Colleen had been dating a rich boy from the suburbs, but their romance was frowned on by both the families. The O’Malleys thought he was too fast, the boy’s parents thought she wasn’t good enough for him. The pressure grew too much for Colleen, and she broke it off. The boy wanted it to continue. He grew crazy, calling her at all hours, holding vigils outside her house, following her home from school, home from basketball games, following. Stalking, they call it now. And then one night he seized her arm. She struggled. It turned ugly. And with a hand pressed upon her mouth and amid whispers that she was trash and no one else would have her if he couldn’t, he pulled her into an alley.

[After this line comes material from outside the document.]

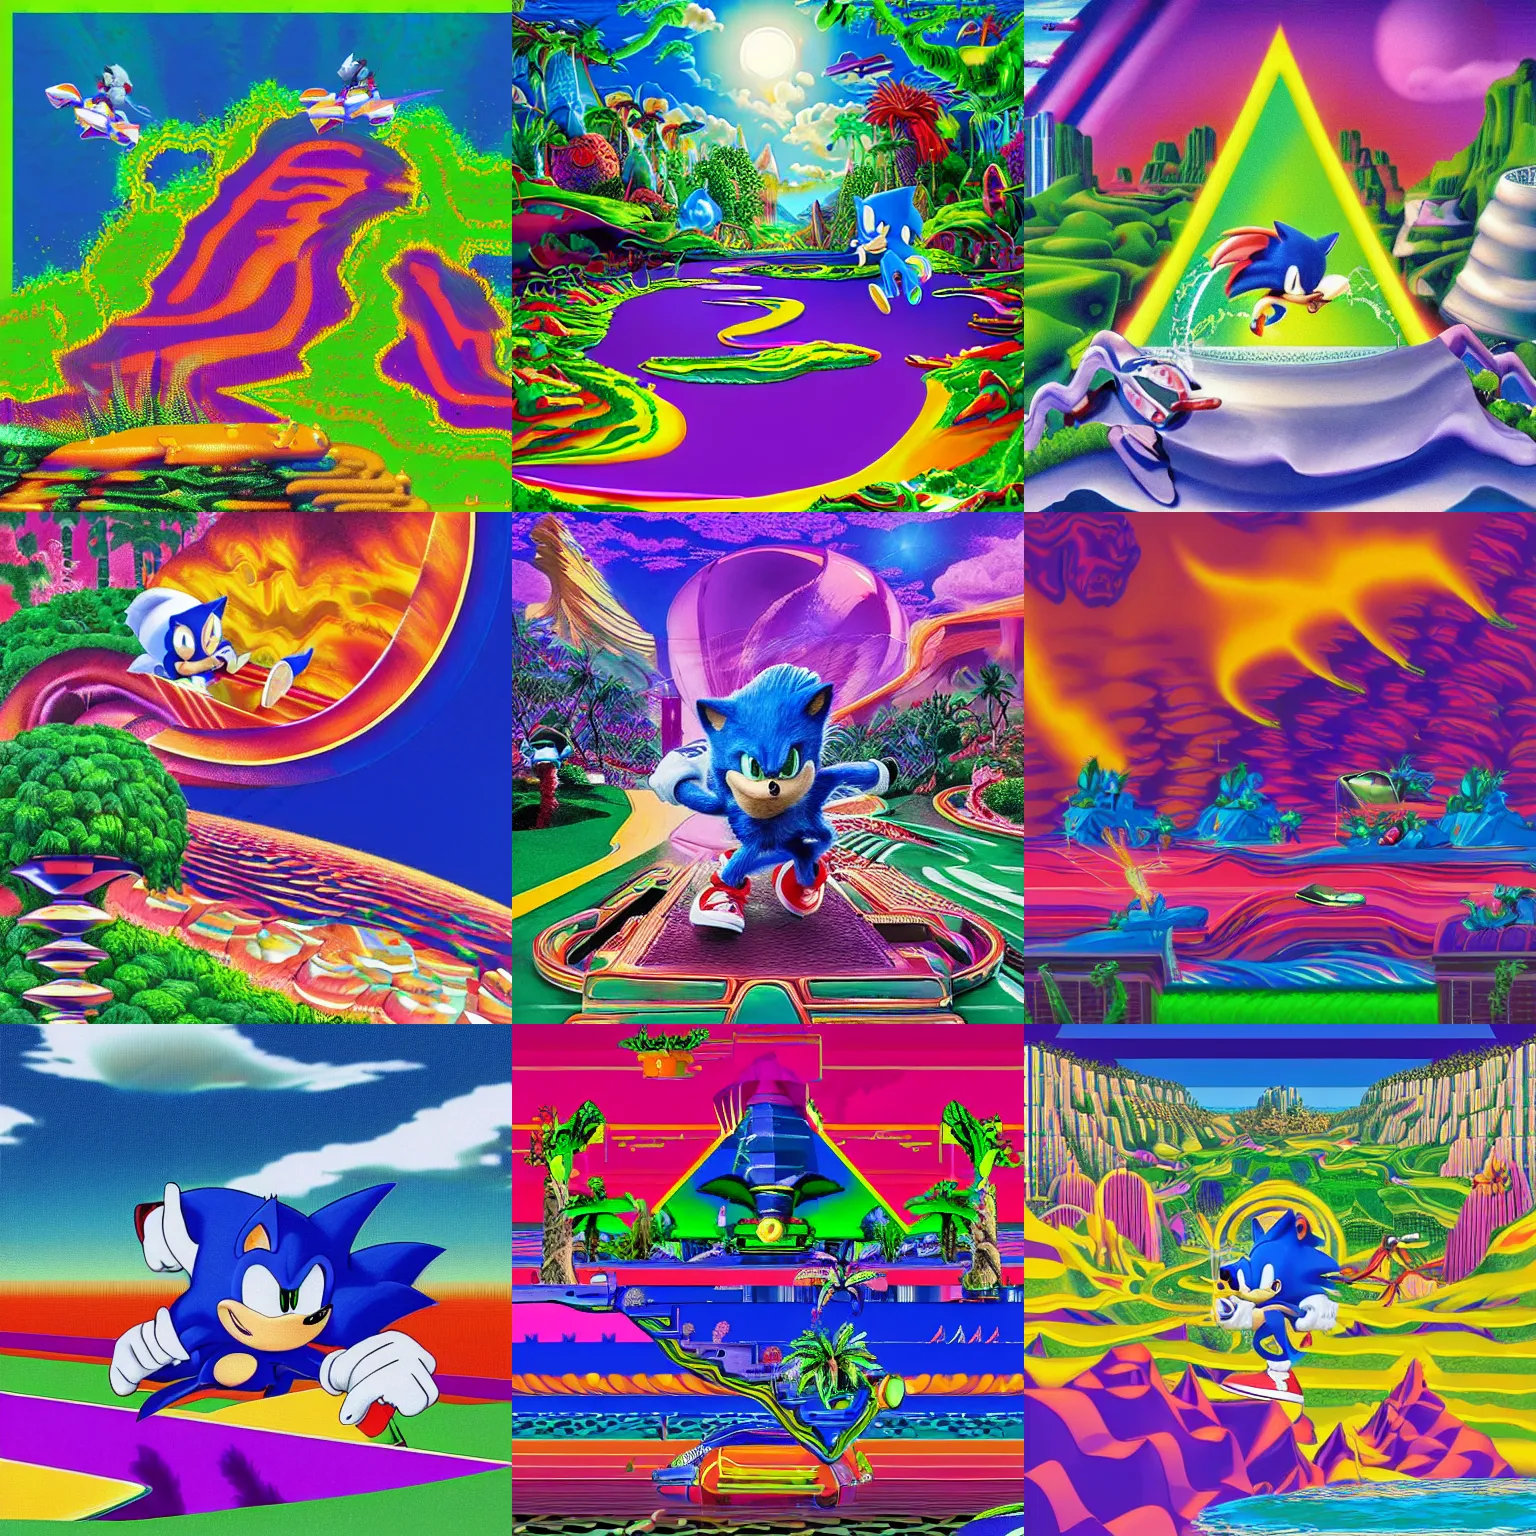 Prompt: sonic the hedgehog in a recursive surreal, sharp, detailed professional, high quality airbrush art MGMT tame impala album cover of a liquid dissolving synthwave vaporwave LSD DMT blue sonic the hedgehog surfing through terragen landscape, purple checkerboard plane, 1990s 1992 Sega Genesis video game album cover,

“That was in 1979,” said Liam Byrne. “The parents wanted protection for their daughter and some sort of justice. But in those days it wasn’t the thing to testify. Reputations were easily ruined. Neither family wanted that. And the boy’s family had money. We could get far more by keeping it quiet than by making it public. So instead of going to the police and bringing charges, I advised a settlement, and the parents agreed. The amount was generous, more than enough for Colleen’s education, and as part of the settlement the boy was sent to counseling. I thought that was best for all, to set right two lives that had listed. I thought I was doing the correct thing. But I was wrong. Fifteen years later the boy, now working in the family’s investment bank, made his first run for public office.”
“Truscott,” said Kyle.
“Yes, that’s right,” said Liam Byrne. “This was in 1994, when the Republicans took over Congress and Truscott was aiming to be part of that wave, using a scad of his money to buy the seat. I thought the republic was in danger from a reactionary cadre of the moneyed elite and thought myself obligated to do something about it. So I went to that Truscott, no longer a kid but a hard and ambitious politician, and told him if he didn’t back out of the campaign, I would have no choice but to release the file. I thought I was doing the right thing for the country, but I didn’t anticipate the consequences. He didn’t back out of the campaign. He didn’t confess and move on. What he did was to start the killing.”
“Killing?”
“Colleen O’Malley, no longer a girl but a mother with two children living in Ohio. She drowned in a lake under unusual circumstances. I had kept in contact with her—both her parents had passed by then, and I felt a paternal obligation—and was horrified at the news. The funeral was a sad affair, such youth lost. But as I left the funeral, driving back to the airport, a car came from behind and rammed me off the road. My car tumbled twice before coming to rest in a ravine. I barely clambered out before it exploded. That’s when I finally understood what had happened to Colleen. And I knew that the next time I wouldn’t be so lucky.”
“Did you go to the police?”
“And say what? What did I know? The boy wasn’t doing it himself. He was all the time in Philadelphia, giving speeches. I would have been taken for a crackpot and been just as vulnerable.”